SMU Law Review
Securities law opinions during this period fall into two categories. The first deals with incompetent lawyers. In Miller, a state court reinstated a cease and desist order against an issuer whose lawyer failed to object to a witness's testimony when a co-defendant's counsel did. In In re Next Financial Group, the Texas Supreme Court granted mandamus and ordered arbitration for the termination of a broker when the arbitration agreement permitted only an exception for statutory discrimination, not a common law exception to the employment-at-will doctrine.
The second group of cases involve Fifth Circuit opinions discussing securities fraud actions under the Private Securities Litigation Reform Act (“PSLRA”). The primary focus was on “loss causation.” Continuing the drive to thwart securities fraud actions, the Fifth Circuit in Catogas, affirmed a dismissal and determined that for "loss causation," investors must show an immediate decline in the issuer's stock price following corrective disclosure.

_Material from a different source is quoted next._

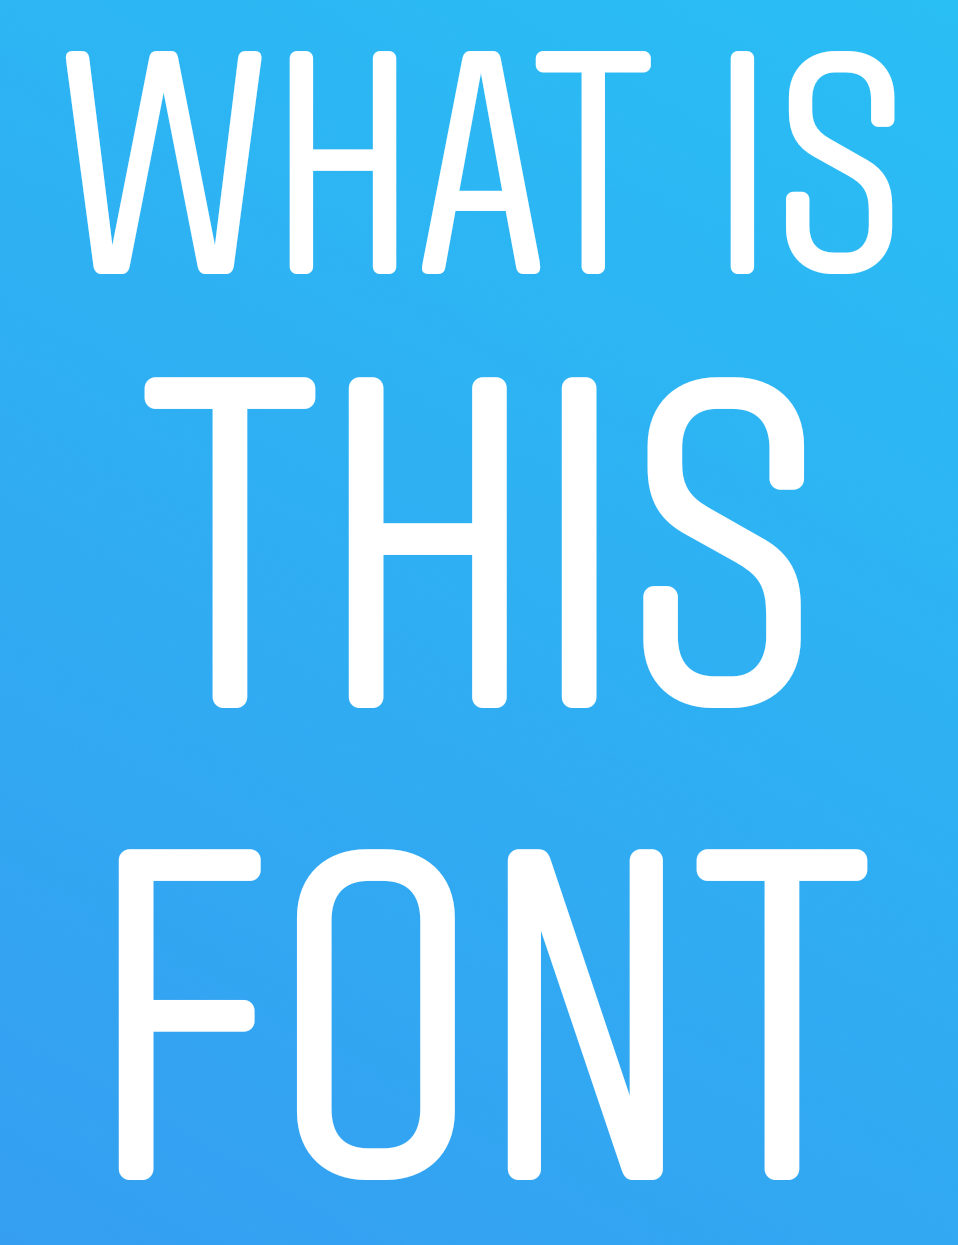 Với sự đa dạng của font chữ, bạn có thể thể hiện phong cách và cá tính của mình một cách dễ dàng hơn bao giờ hết. Cùng truy cập vào trang web của chúng tôi để tải về ngay font mới nhất và cập nhật cho hồ sơ Instagram của bạn!
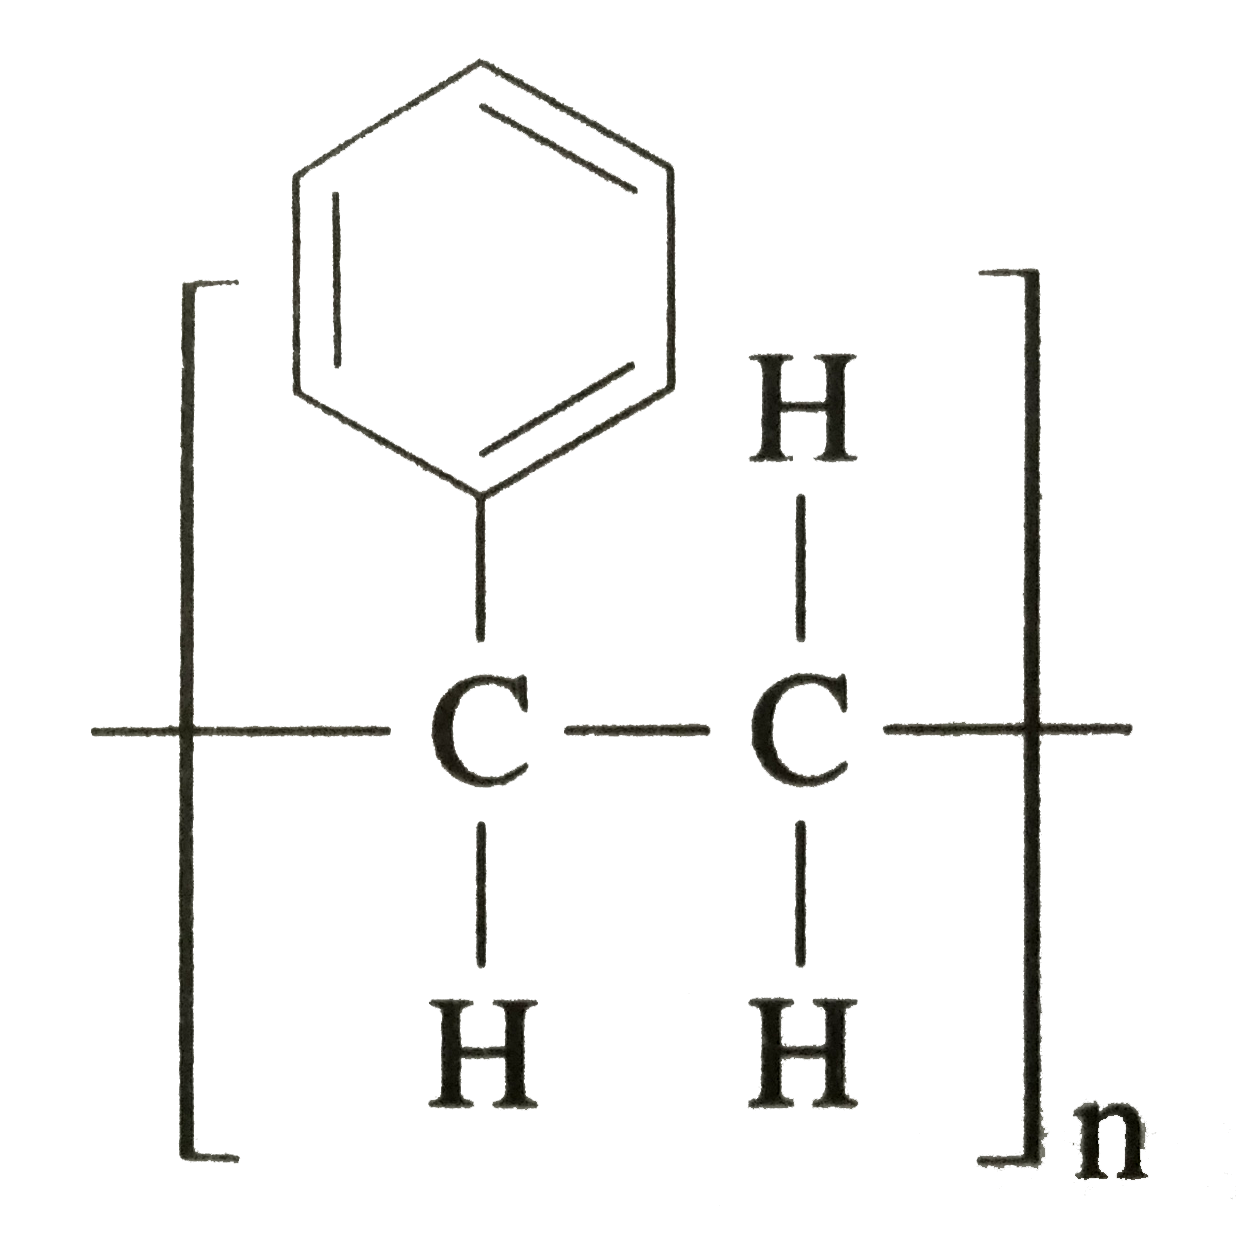 Polystyrene Molecule

In Fener, the Fifth Circuit denied class certification, requiring that loss causation requires separating that portion of the loss stemming from the corrective disclosure from that portion of the loss caused by disclosure of other negative information. With respect to a strong inference of scienter, the Fifth Circuit in Flaherty & Crumrine Preferred Income Fund affirmed a dismissal, determining that vague cautionary statements and warnings defeat the strong inference. In contrast, the Fifth Circuit determined in Lormand that the pleading standard for loss causation is the short and simple pleading of Rule 8, not the particularity of Rule 9, and that serial disclosure does not defeat a finding of loss causation. In Alaska Electrical Pension Fund, the Fifth Circuit held that the disclosure need not be a fact-for-fact disclosure and that reflecting part of the truth obscured by the fraud is sufficient.
George Lee Flint, Jr., Texas Annual Survey: Securities Regulation, 63 S.M.U. L. Rev. 795 (2010).